● ABOUT THIS TASK
Leave the images aside and output every entry exactly.

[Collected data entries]
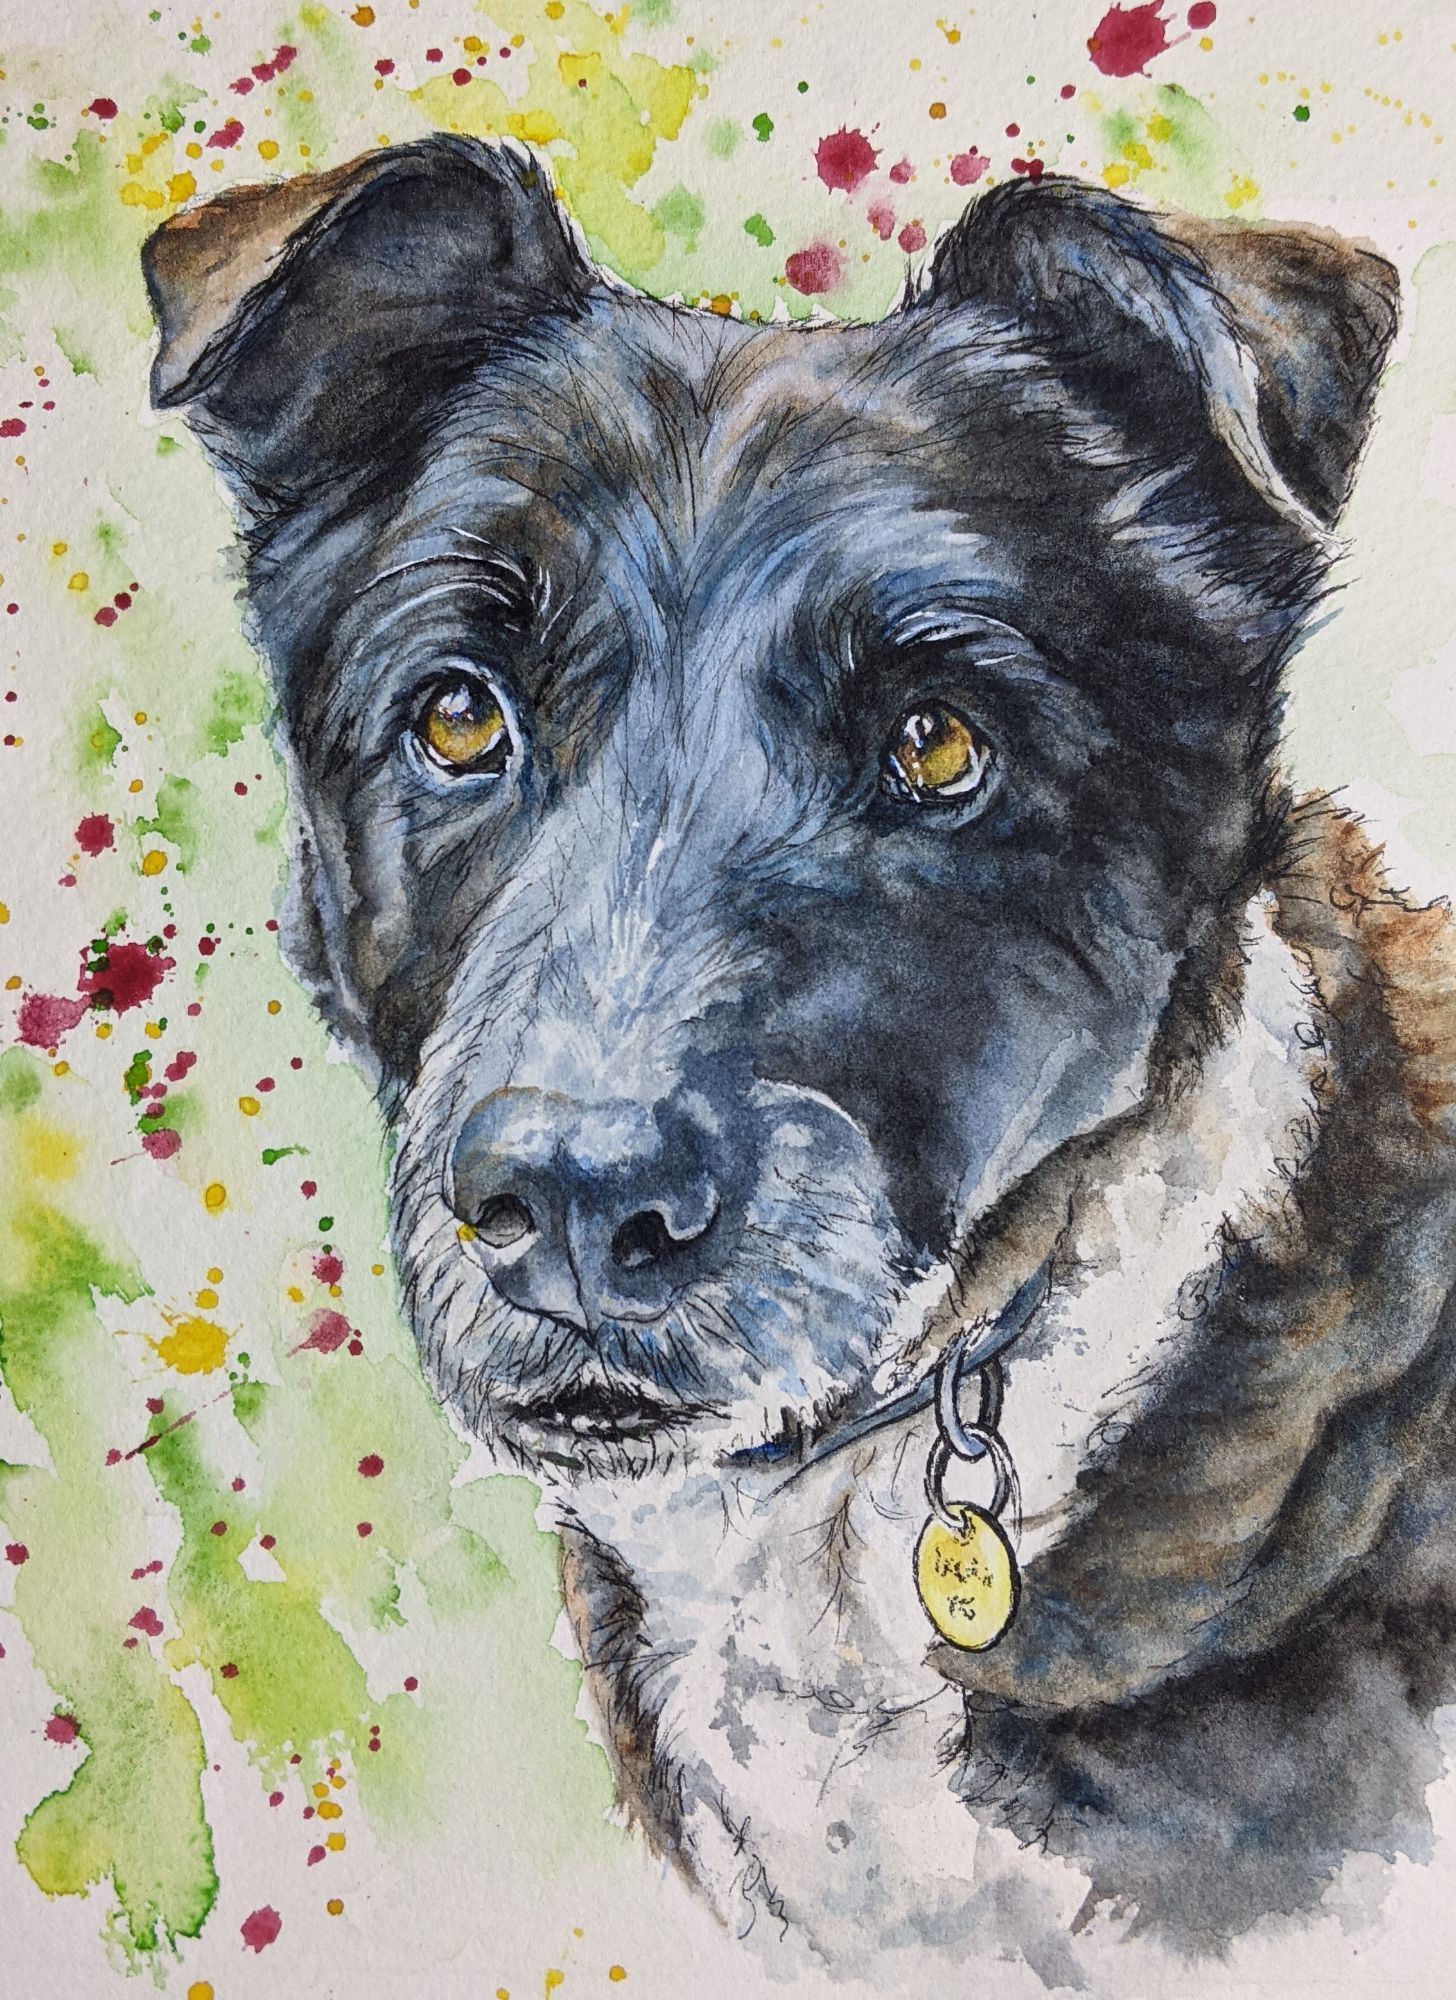 Watercolour & ink dog portrait
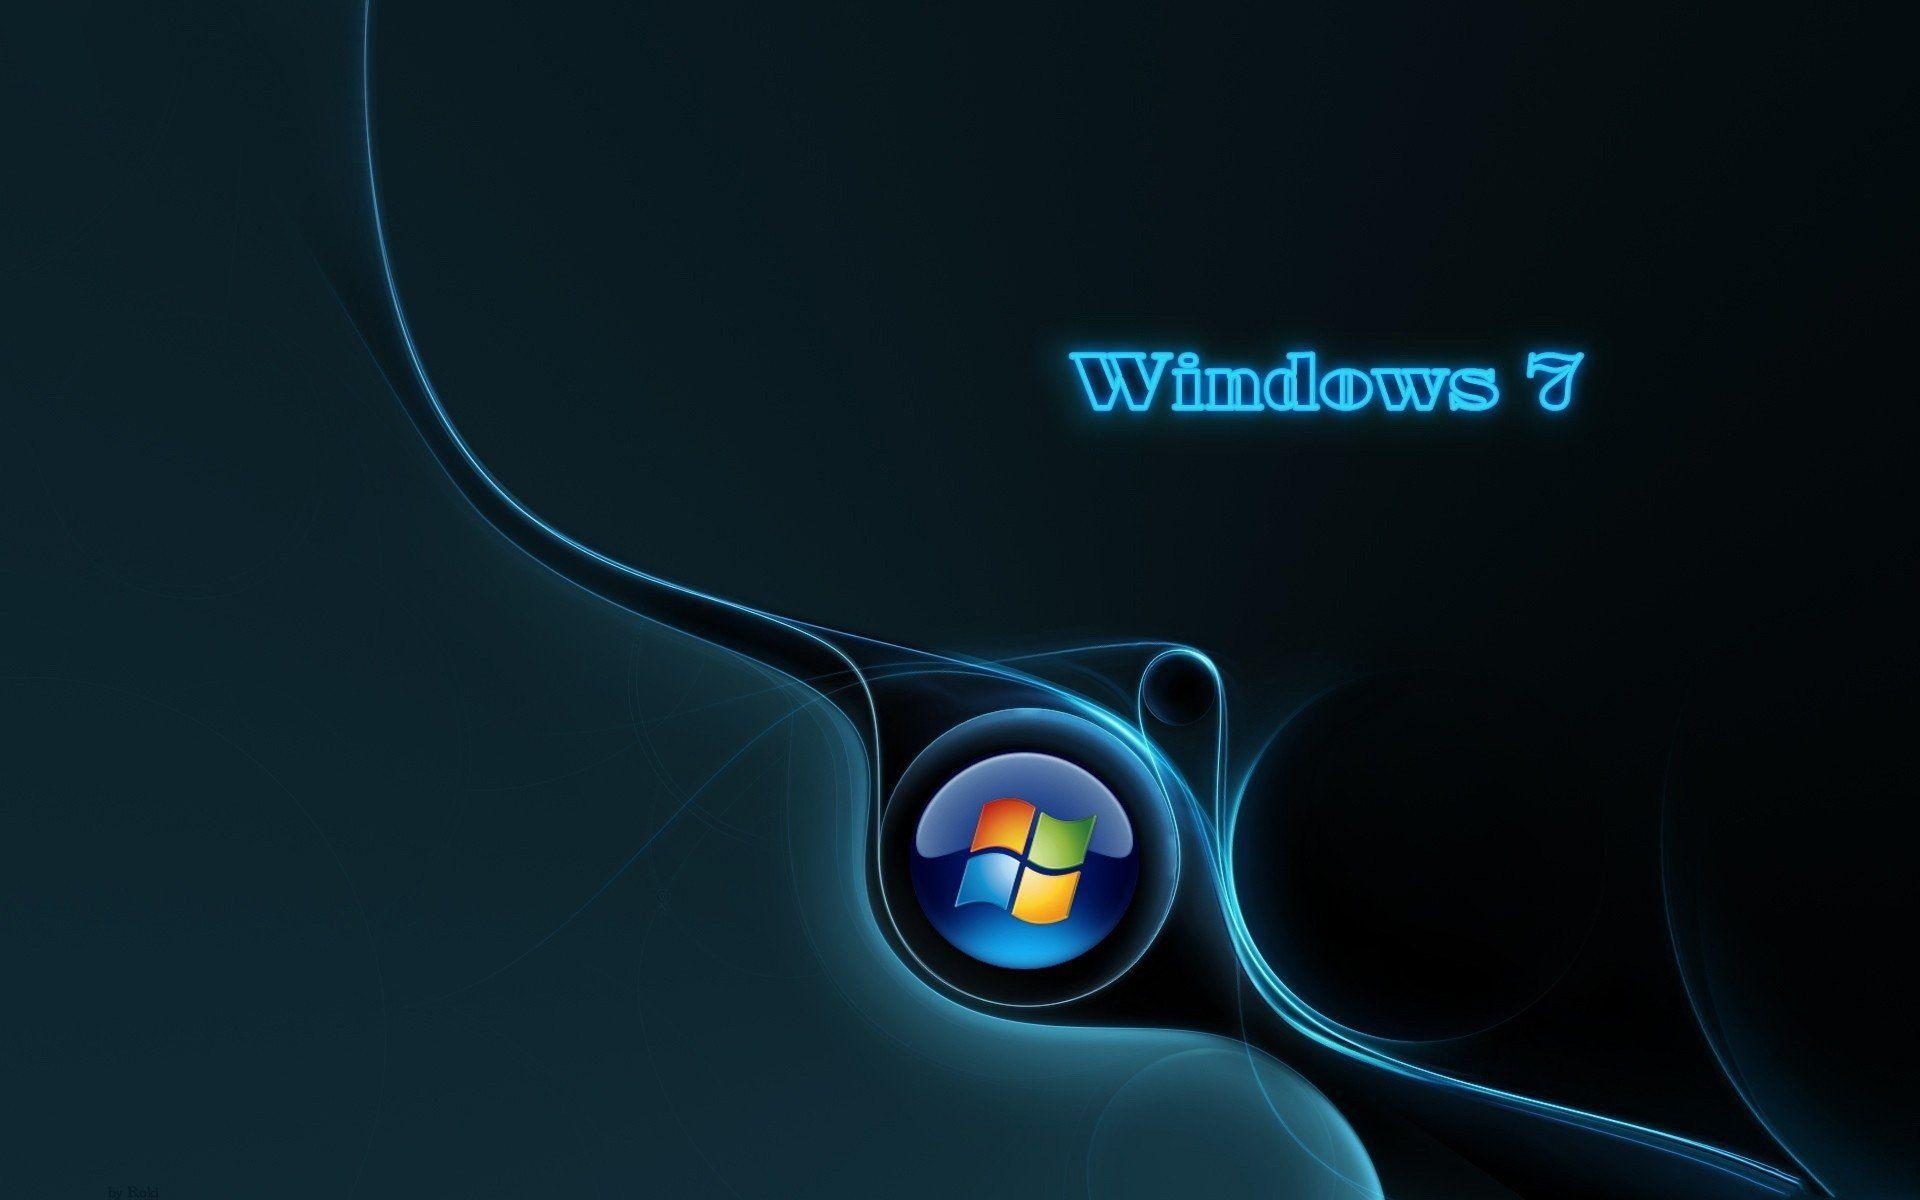 Hình nền Windows 7 HD mang đến cho bạn chất lượng hình ảnh sắc nét và tạo cảm giác sống động. Hãy tưởng tượng khung cảnh đẹp lung linh được tái hiện trên màn hình máy tính của bạn!
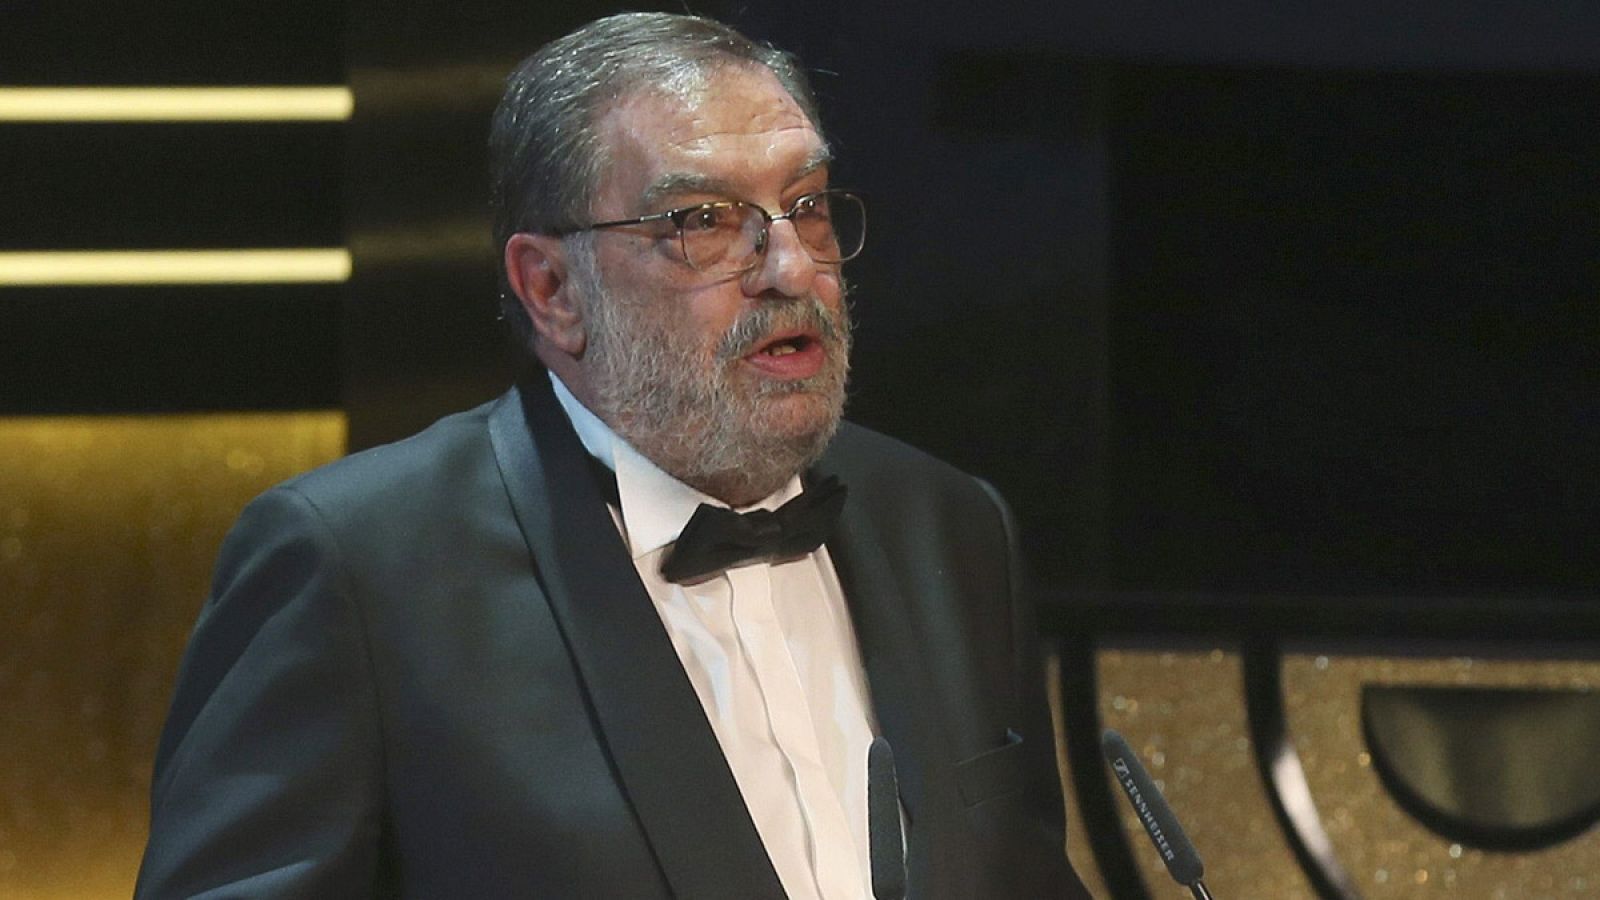 El productor y expresidente de la Academia de cine Enrique González Macho, en la gala de los premios Goya 2015.
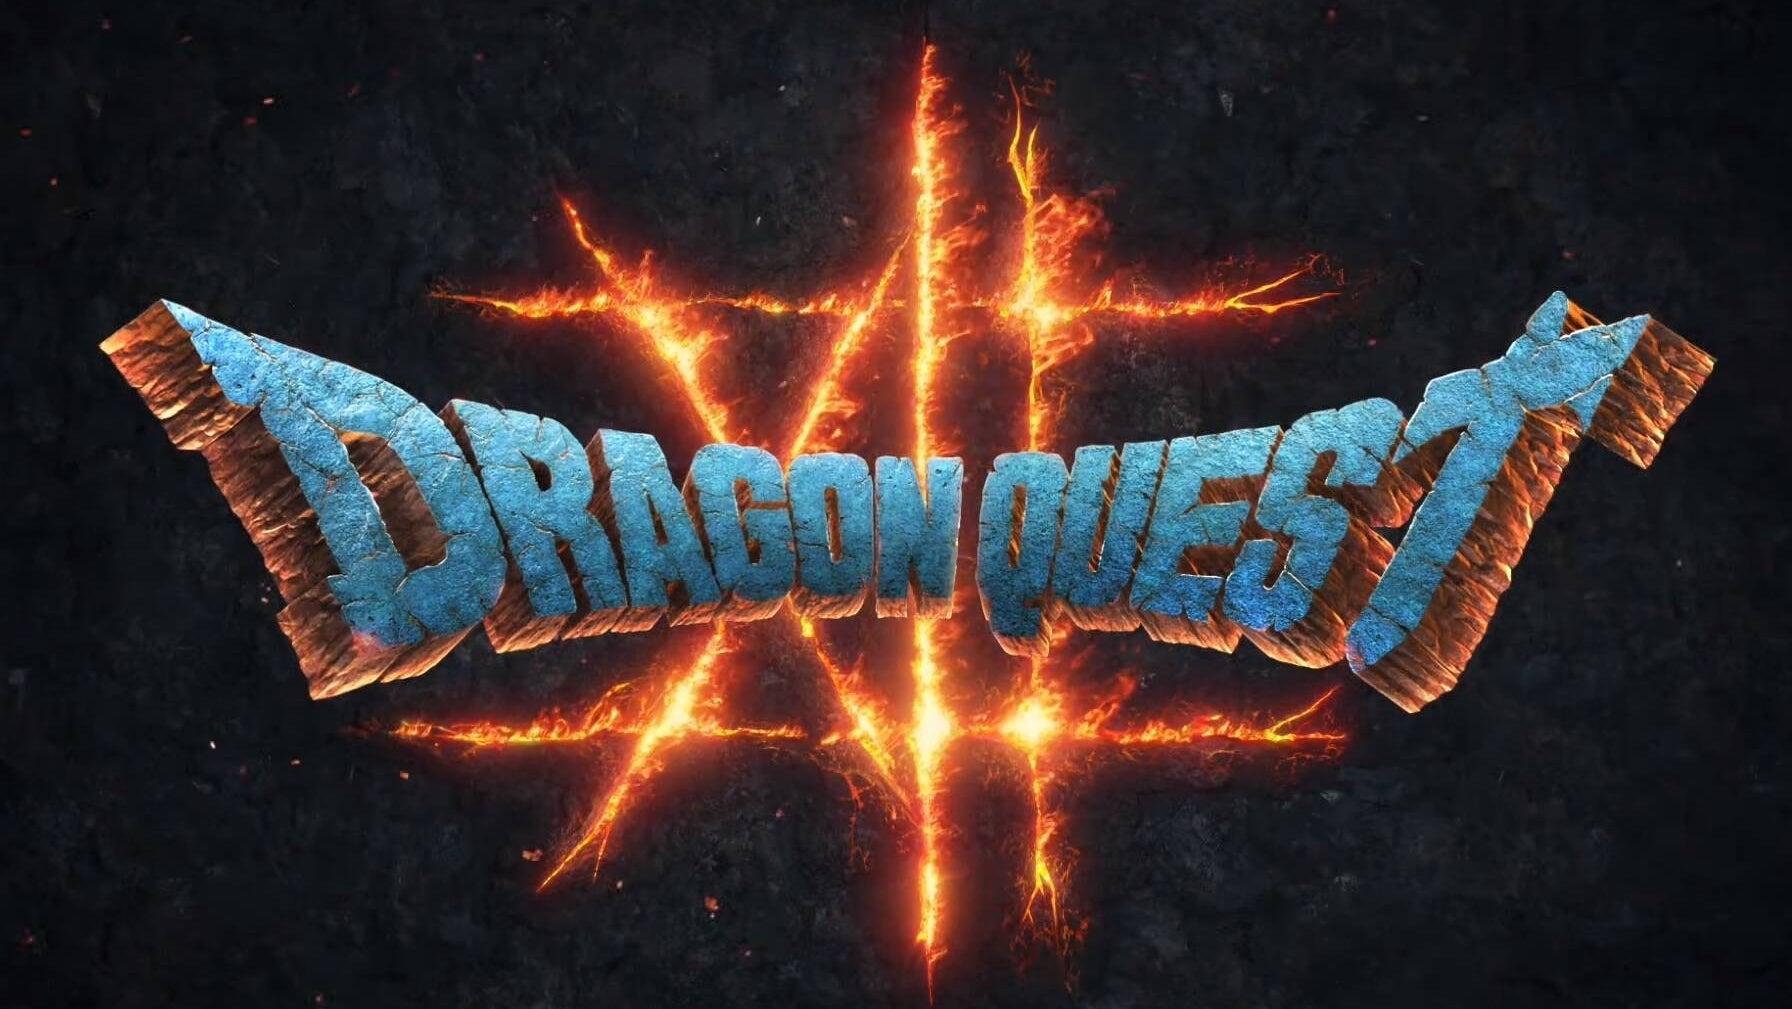 Immagine di Dragon Quest XII sarà un autentico action RPG? Nuovi dettagli dagli annunci di lavoro
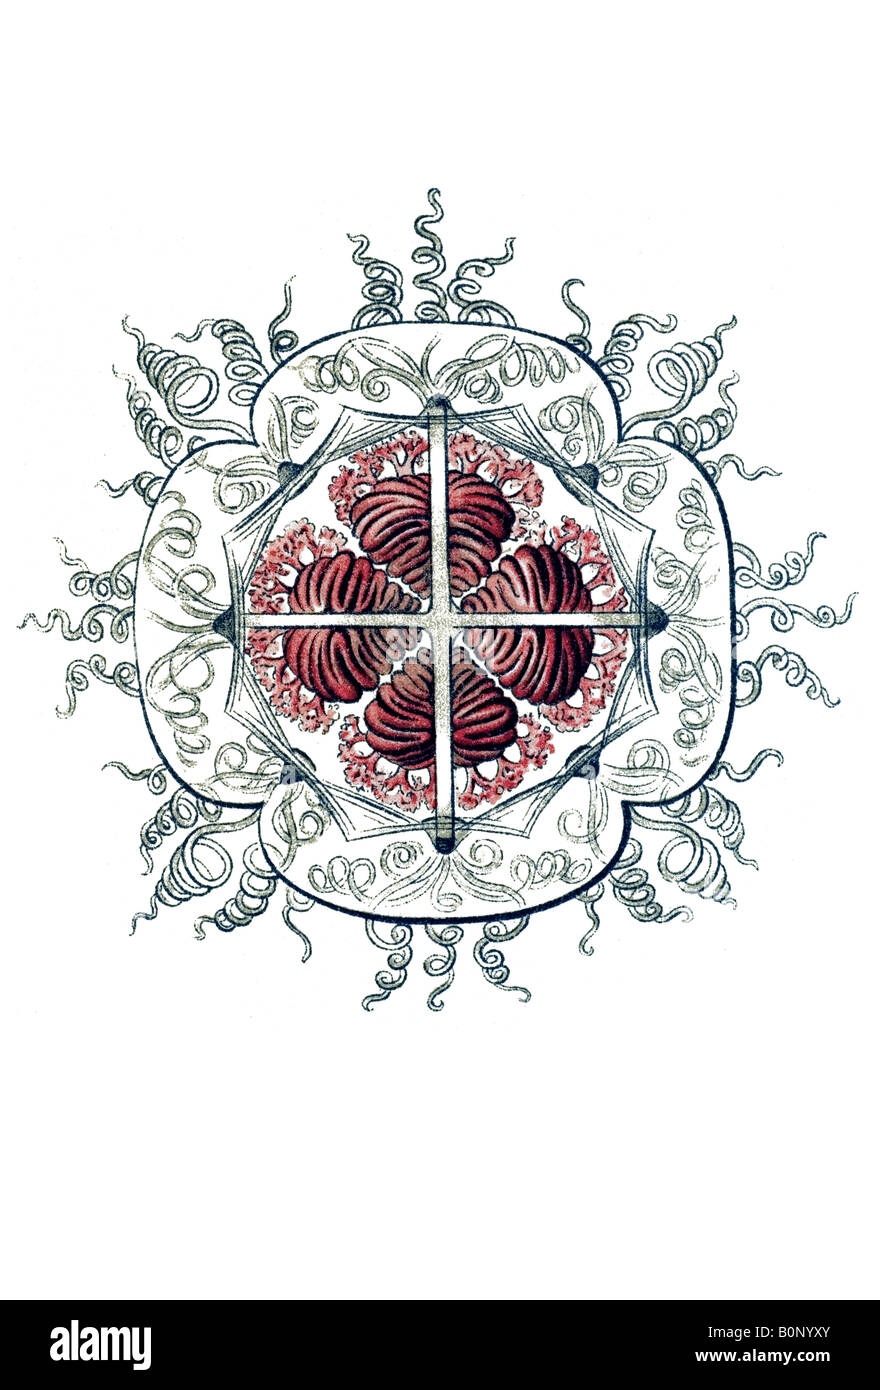 Nom Rathkea fasciculata Anthomedusae, Haeckel, l'Europe du 20e siècle art nouveau Banque D'Images

● ANSWER SPACE
 Watercolour & ink dog portrait
 Hình nền Windows 7 HD mang đến cho bạn chất lượng hình ảnh sắc nét và tạo cảm giác sống động. Hãy tưởng tượng khung cảnh đẹp lung linh được tái hiện trên màn hình máy tính của bạn!
 El productor y expresidente de la Academia de cine Enrique González Macho, en la gala de los premios Goya 2015.
 Immagine di Dragon Quest XII sarà un autentico action RPG? Nuovi dettagli dagli annunci di lavoro
 Nom Rathkea fasciculata Anthomedusae, Haeckel, l'Europe du 20e siècle art nouveau Banque D'Images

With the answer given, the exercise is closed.